* WHAT TO WORK ON: Transcribe exactly the lines that fall between the one holding "mont blanc en arrière plan" and the one holding "Review NANCY HAIR SALON chi tiết nhất", inclusive, from the entries below.

* RECORD EXTRACTS:
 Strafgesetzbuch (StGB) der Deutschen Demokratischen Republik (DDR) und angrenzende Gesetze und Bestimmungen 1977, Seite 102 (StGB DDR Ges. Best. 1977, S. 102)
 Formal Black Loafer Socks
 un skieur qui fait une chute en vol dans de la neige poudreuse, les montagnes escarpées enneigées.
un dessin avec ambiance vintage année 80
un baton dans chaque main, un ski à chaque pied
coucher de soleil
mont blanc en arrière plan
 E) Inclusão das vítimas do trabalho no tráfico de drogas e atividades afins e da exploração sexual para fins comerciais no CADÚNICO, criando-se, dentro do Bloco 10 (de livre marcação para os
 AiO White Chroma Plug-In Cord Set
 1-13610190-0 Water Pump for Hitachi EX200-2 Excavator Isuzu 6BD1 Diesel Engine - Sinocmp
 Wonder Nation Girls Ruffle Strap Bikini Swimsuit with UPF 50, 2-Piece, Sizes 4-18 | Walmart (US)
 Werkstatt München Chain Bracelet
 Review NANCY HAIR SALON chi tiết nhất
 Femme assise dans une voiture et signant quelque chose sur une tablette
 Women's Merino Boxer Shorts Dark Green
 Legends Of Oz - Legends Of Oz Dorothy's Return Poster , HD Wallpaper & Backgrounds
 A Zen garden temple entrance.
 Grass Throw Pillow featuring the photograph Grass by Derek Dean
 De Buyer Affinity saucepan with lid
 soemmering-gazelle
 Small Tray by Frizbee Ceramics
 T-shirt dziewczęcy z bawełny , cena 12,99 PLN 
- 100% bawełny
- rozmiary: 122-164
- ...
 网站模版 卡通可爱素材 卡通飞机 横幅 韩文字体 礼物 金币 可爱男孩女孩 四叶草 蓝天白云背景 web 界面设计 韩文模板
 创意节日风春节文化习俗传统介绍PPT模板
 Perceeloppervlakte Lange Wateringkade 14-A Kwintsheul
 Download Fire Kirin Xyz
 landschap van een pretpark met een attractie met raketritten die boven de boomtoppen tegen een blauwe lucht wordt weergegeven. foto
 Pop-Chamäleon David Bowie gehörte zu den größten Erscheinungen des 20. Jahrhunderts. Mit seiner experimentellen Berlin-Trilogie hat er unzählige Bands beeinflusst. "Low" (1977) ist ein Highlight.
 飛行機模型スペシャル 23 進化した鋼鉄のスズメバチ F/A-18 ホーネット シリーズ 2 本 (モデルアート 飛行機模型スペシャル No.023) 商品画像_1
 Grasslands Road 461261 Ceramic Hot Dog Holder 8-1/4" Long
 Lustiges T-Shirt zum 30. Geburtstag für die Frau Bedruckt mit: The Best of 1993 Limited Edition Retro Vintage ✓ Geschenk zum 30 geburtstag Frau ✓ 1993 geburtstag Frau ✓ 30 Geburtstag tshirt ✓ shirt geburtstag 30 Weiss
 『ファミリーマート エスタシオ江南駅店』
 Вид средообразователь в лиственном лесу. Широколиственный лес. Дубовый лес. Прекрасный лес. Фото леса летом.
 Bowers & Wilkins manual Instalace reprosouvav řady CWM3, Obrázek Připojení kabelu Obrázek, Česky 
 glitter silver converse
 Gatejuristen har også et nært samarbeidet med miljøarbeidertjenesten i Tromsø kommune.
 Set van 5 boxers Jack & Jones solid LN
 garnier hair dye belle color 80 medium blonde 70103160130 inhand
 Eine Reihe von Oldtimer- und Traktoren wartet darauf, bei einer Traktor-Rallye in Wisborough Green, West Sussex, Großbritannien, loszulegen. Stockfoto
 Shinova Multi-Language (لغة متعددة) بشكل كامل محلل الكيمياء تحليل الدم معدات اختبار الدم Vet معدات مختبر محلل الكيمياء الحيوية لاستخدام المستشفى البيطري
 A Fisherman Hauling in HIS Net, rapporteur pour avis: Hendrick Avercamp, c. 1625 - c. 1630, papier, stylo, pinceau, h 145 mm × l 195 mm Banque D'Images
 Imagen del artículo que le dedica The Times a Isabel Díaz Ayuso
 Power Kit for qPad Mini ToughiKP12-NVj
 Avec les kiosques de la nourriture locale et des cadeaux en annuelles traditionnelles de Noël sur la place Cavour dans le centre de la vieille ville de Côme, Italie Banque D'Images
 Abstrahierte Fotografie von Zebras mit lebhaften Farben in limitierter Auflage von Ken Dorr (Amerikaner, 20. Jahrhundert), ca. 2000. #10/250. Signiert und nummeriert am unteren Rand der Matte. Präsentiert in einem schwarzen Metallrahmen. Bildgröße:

* EXPECTED ANSWER:
mont blanc en arrière plan
 E) Inclusão das vítimas do trabalho no tráfico de drogas e atividades afins e da exploração sexual para fins comerciais no CADÚNICO, criando-se, dentro do Bloco 10 (de livre marcação para os
 AiO White Chroma Plug-In Cord Set
 1-13610190-0 Water Pump for Hitachi EX200-2 Excavator Isuzu 6BD1 Diesel Engine - Sinocmp
 Wonder Nation Girls Ruffle Strap Bikini Swimsuit with UPF 50, 2-Piece, Sizes 4-18 | Walmart (US)
 Werkstatt München Chain Bracelet
 Review NANCY HAIR SALON chi tiết nhất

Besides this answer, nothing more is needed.